11. Under §§ 375.789 and 375.281 and Article IX of the parties' reinsurance agreement Lloyd's Syndicate 109 et al, is required to post a clean, unconditional, irrevocable, Letter of Credit, Cash Advance or a Combination there of to secure Transit's loss reserves of $13,744,486.00 and paid losses of $2,090,826.00 for a total of $15,835,312.00 all of which may be a part of any Final Judgment.
12. Transit adduced significant, credible evidence supporting the reasonableness of its paid losses, loss reserves, and the 9% pre-judgment interest it seeks. (Tr. at 125-143, 273-372.) It also presented prima facie evidence of the actions taken by Lloyd's 553 that would constitute "vexatious delay" and would support the total of $15.8 million of damages requested by Transit as part of "any final judgment" under §§ 375.789 and 375.281. (Tr. at 125-143.) In short, ample evidence exists to support this Order, assuming such evidence is even necessary under the pre-answer security statutes.
The Special Master respectfully recommends the Court adopt the following Order.
Based on the credible evidence submitted, the "Names" or underwriting members comprising the Defendants Lloyd's Syndicate No. 553, et al. can not be deemed "authorized" under Article IX of the parties' Reinsurance Agreements or the relevant Missouri statutes. Nor are they exempt from the pre-answer security statutes.

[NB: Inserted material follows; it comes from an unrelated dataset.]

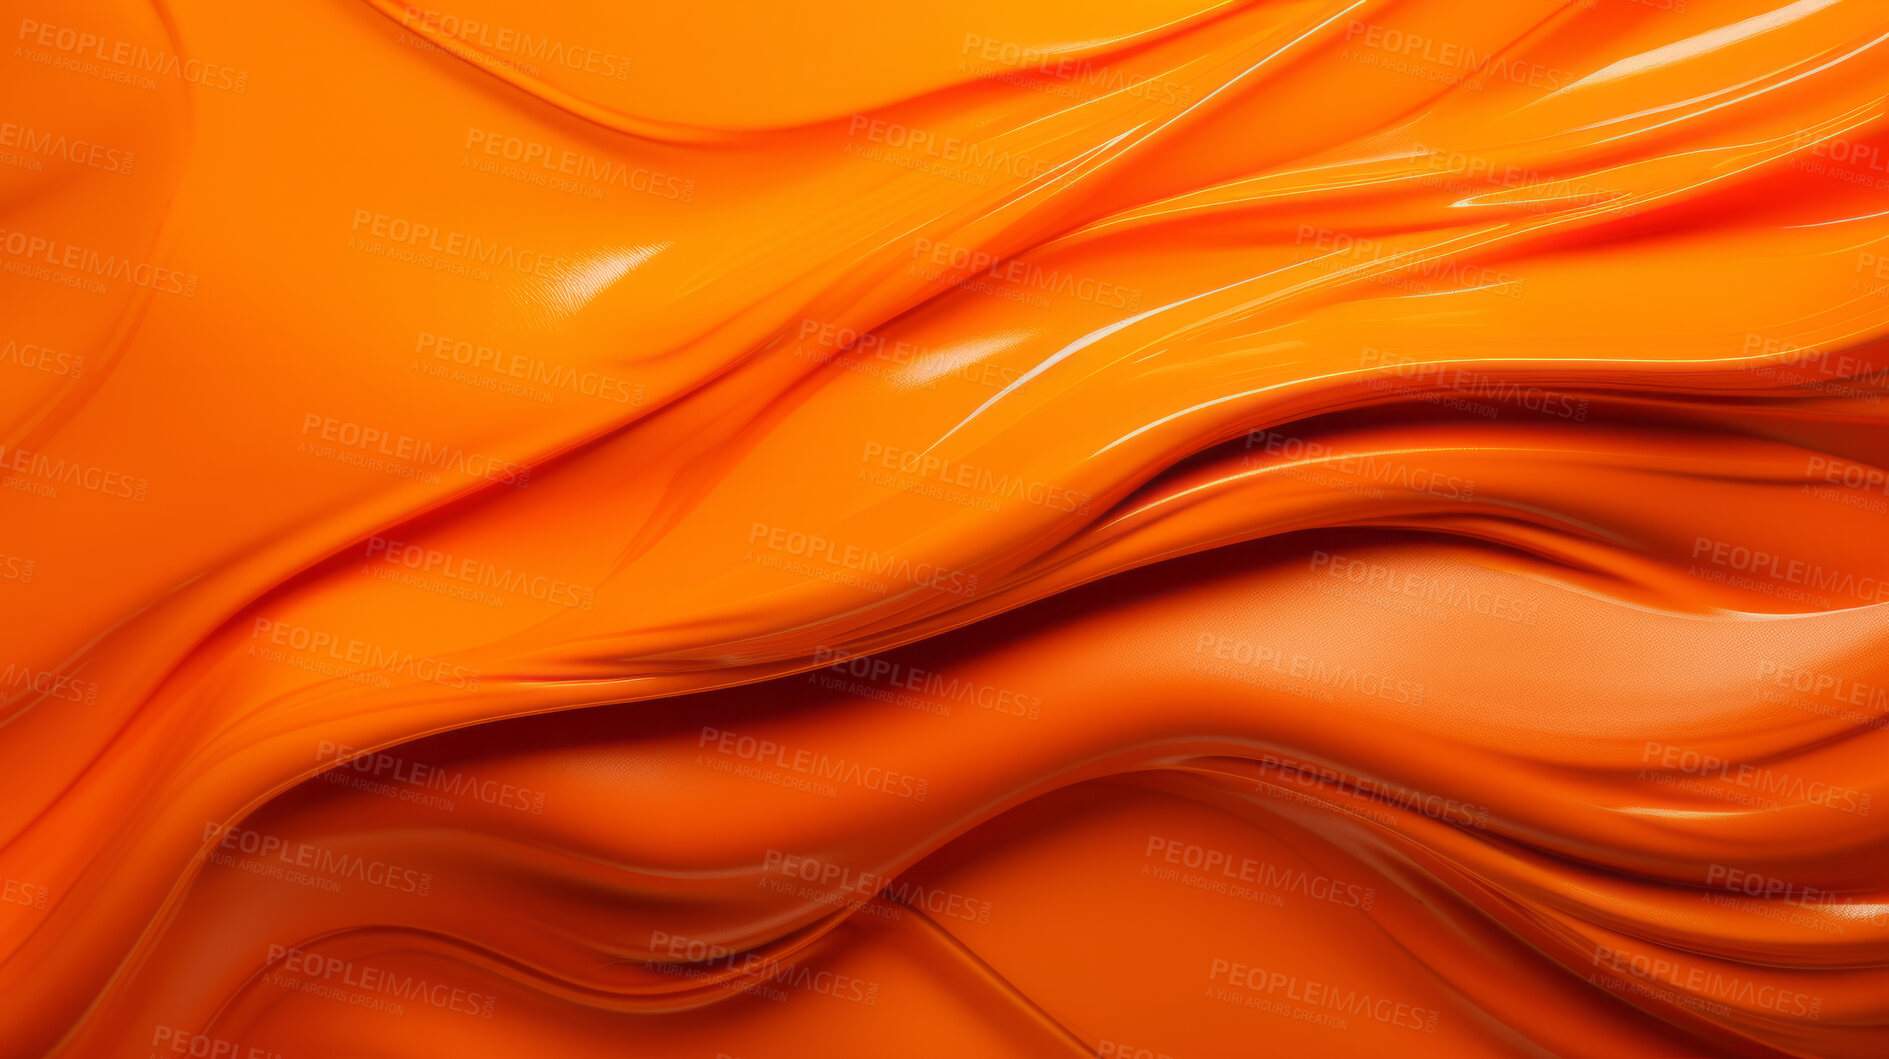 Buy stock photo Orange smooth paint texture close-up. Swirl abstract background.
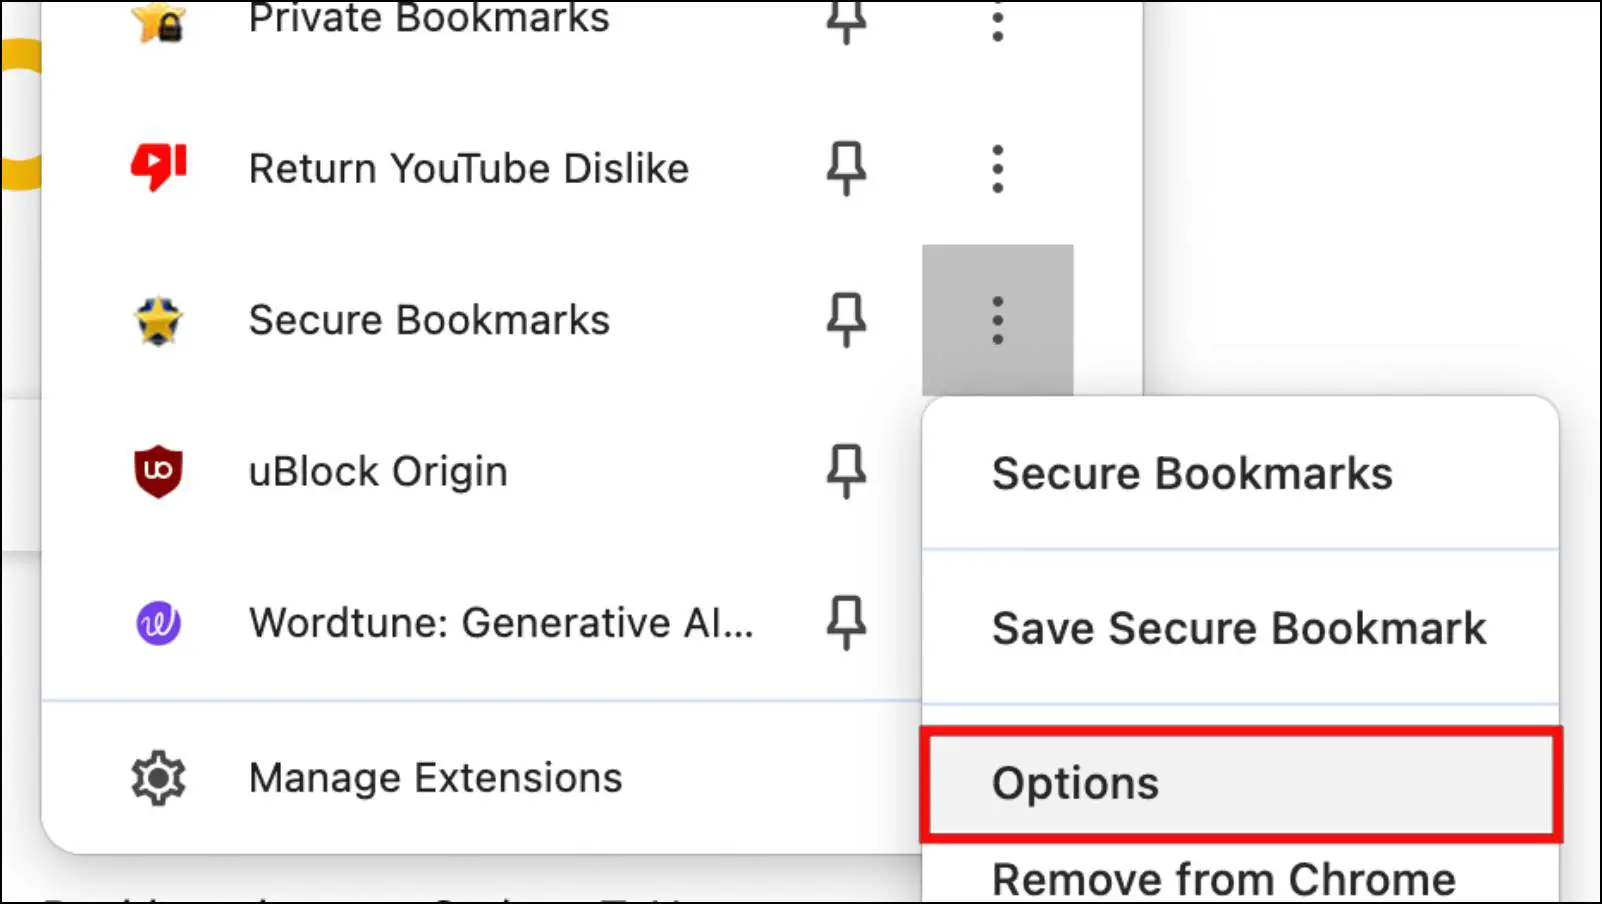 Go to Options for Secure Bookmarks

Thus, they must post security.
Pursuant to the Liquidation Order, the Missouri insurance insolvency code (§§ 375.650, et seq.) and §§ 375.789 and 375.281, the underwriting members of Lloyd's 553 must, within 10 days of this Order, post "a clean, unconditional, irrevocable Letter of Credit, Cash Advance, or a combination thereof" in the sum of $10,787,035.00 as and for Transit's core reserves of $9,583,114, paid balances due of $977,313.00 and prejudgment interest of $226,561.00 all of which may be part of "any final judgment", pursuant to §§ 375.789 and 375.281. The total security due of $10,787,035.00 is based on Transit's September 30, 1997 loss figures.
Defendants have already posted an LOC in the sum of $8,322,136. Thus, the amount of the security shall be increased by $2,454,899.00. Defendants are ordered to post a new Letter of Credit or other valid security in the total sum of $10,787,035.00.
Transit may draw down on the security posted only upon further order of the Special Master or Circuit Court. If the underwriting members of Lloyd's 553 agree to post a Letter of Credit and the parties cannot agree on the wording of the Letter of Credit, the Special Master shall resolve any conflicts and approve the final wording.